▶ **WORKING DATA**:
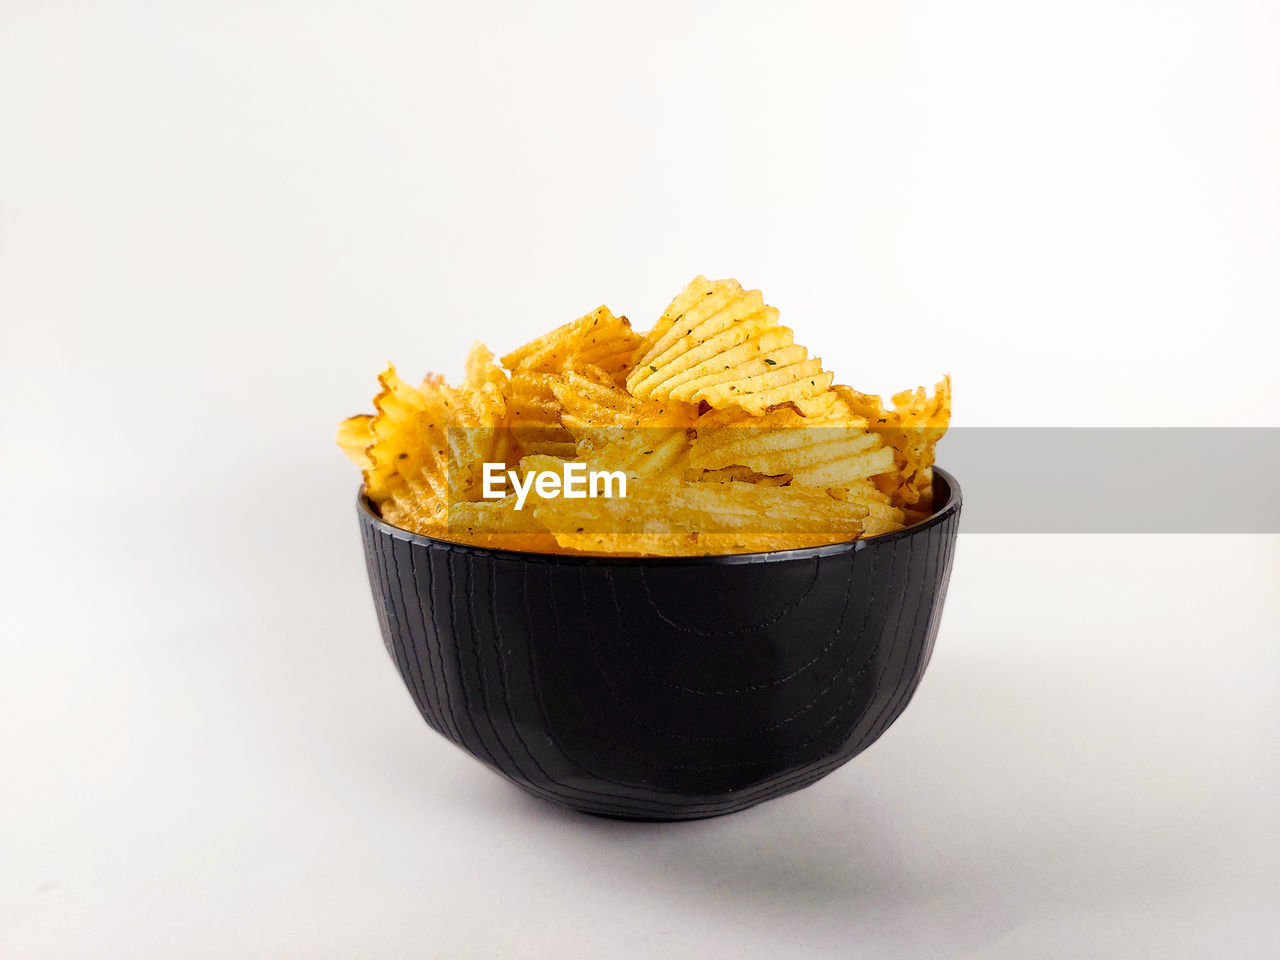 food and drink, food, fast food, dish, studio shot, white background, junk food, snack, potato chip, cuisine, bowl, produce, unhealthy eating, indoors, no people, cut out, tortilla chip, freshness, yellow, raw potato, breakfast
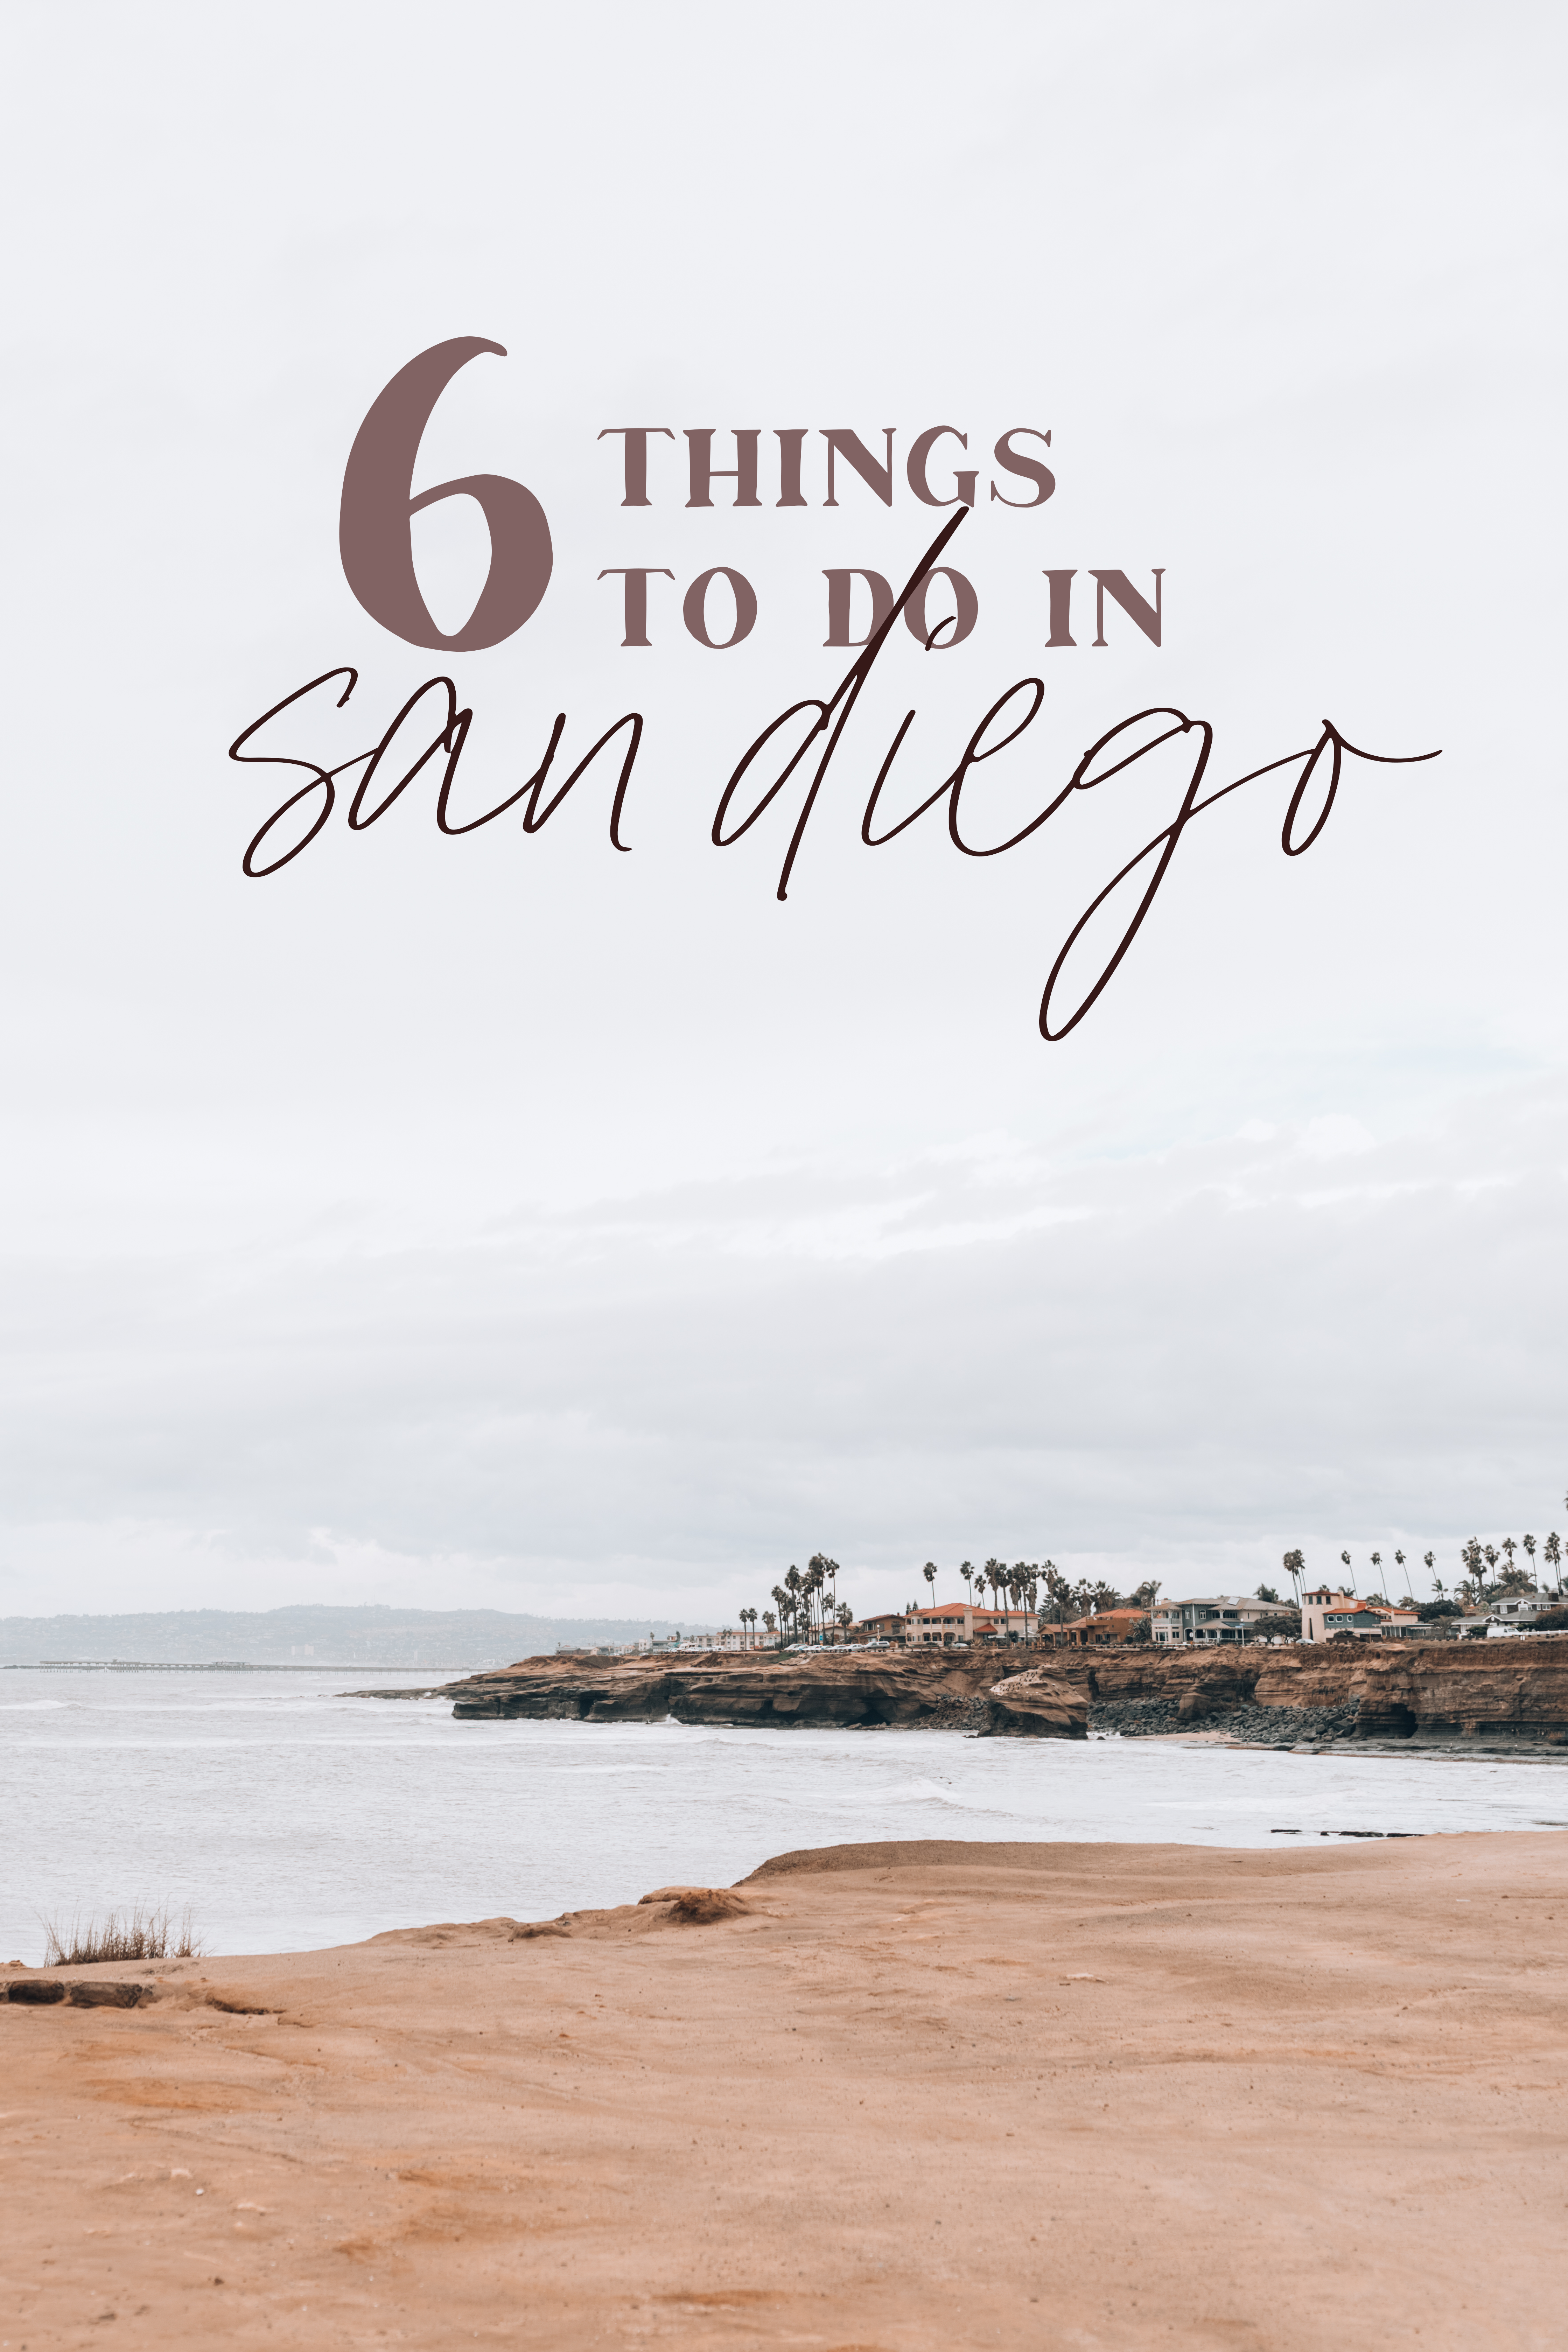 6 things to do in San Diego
--
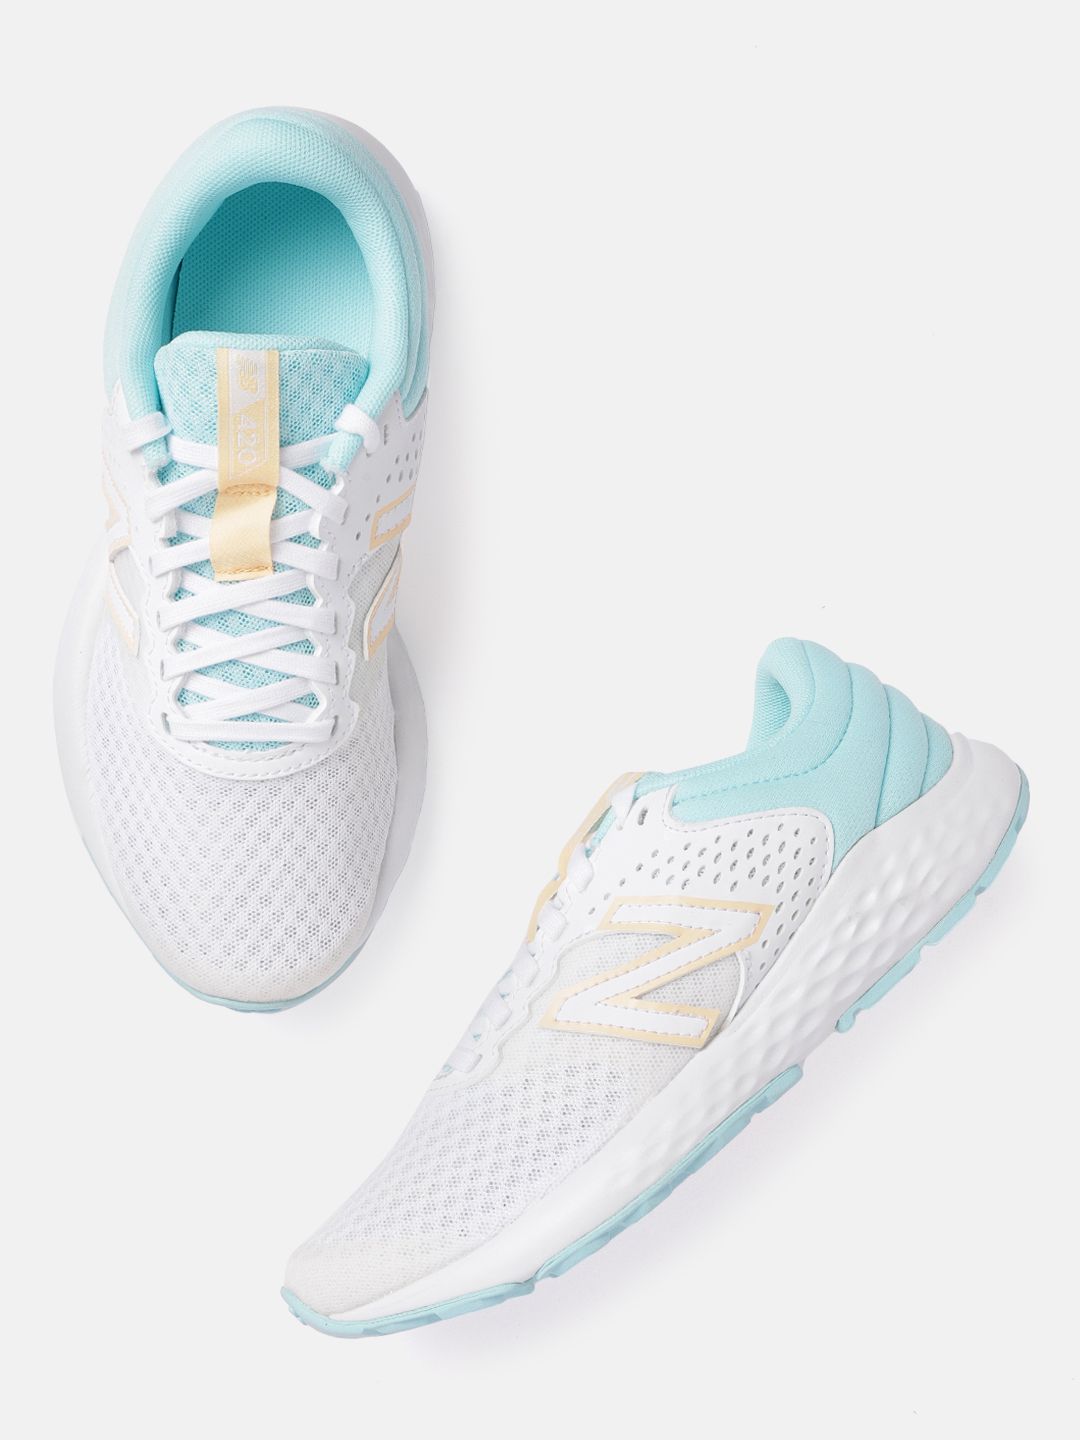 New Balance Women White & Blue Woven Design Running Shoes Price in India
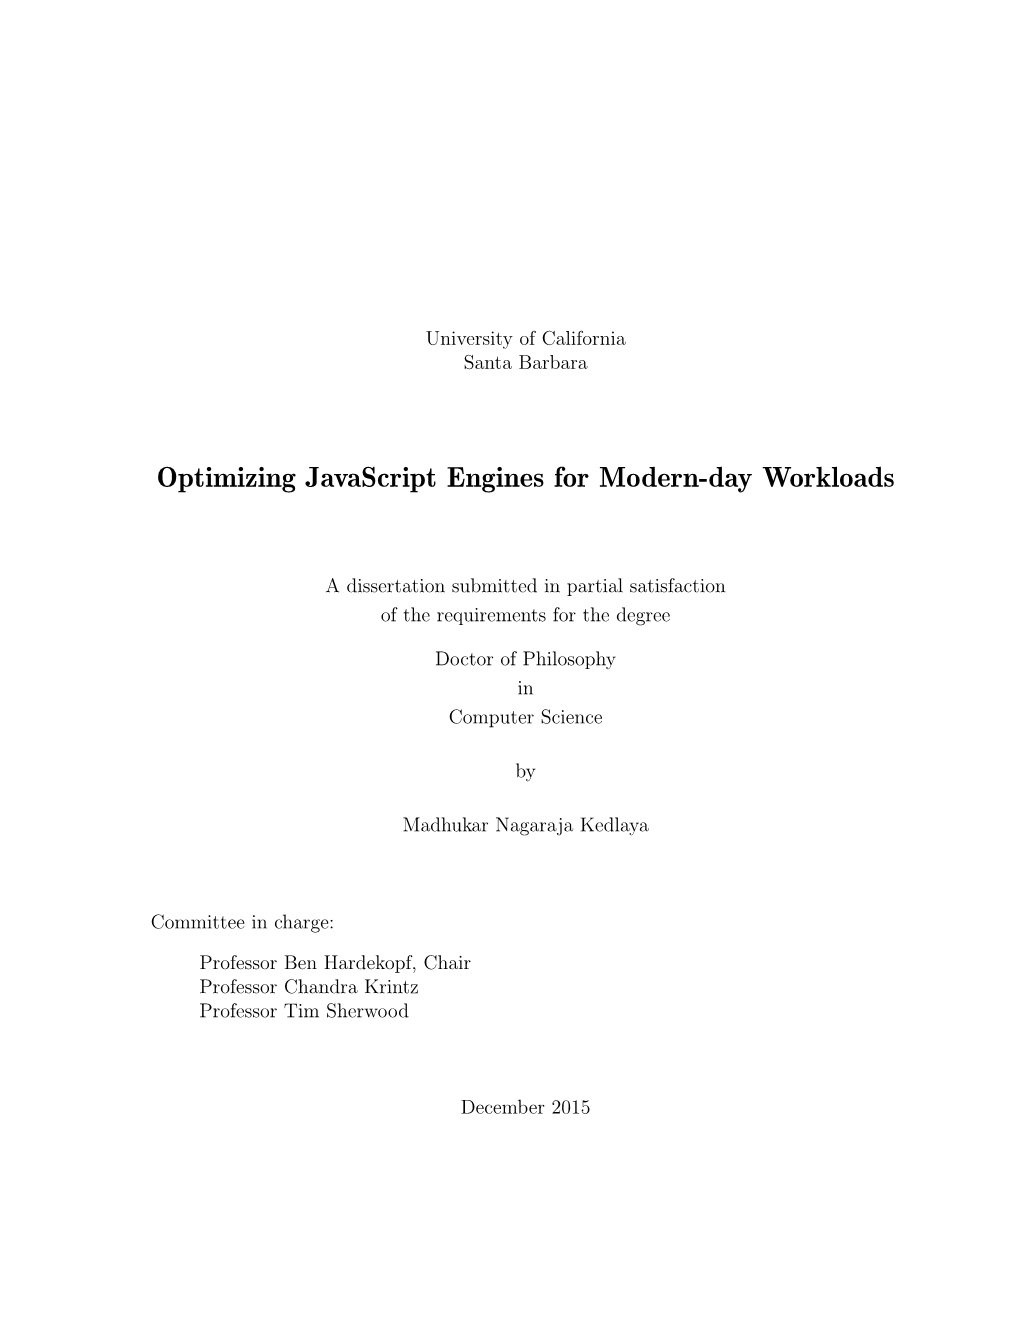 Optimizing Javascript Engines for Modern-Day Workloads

▶ **WORK INSTRUCTIONS**:
In the listing above, find the line with "food and drink, food, fast" and the line with "6 things to do in San Diego". Transcribe those two and everything between, exactly, leaving out pictures.

▶ **WORKED SOLUTION**:
 food and drink, food, fast food, dish, studio shot, white background, junk food, snack, potato chip, cuisine, bowl, produce, unhealthy eating, indoors, no people, cut out, tortilla chip, freshness, yellow, raw potato, breakfast
 6 things to do in San Diego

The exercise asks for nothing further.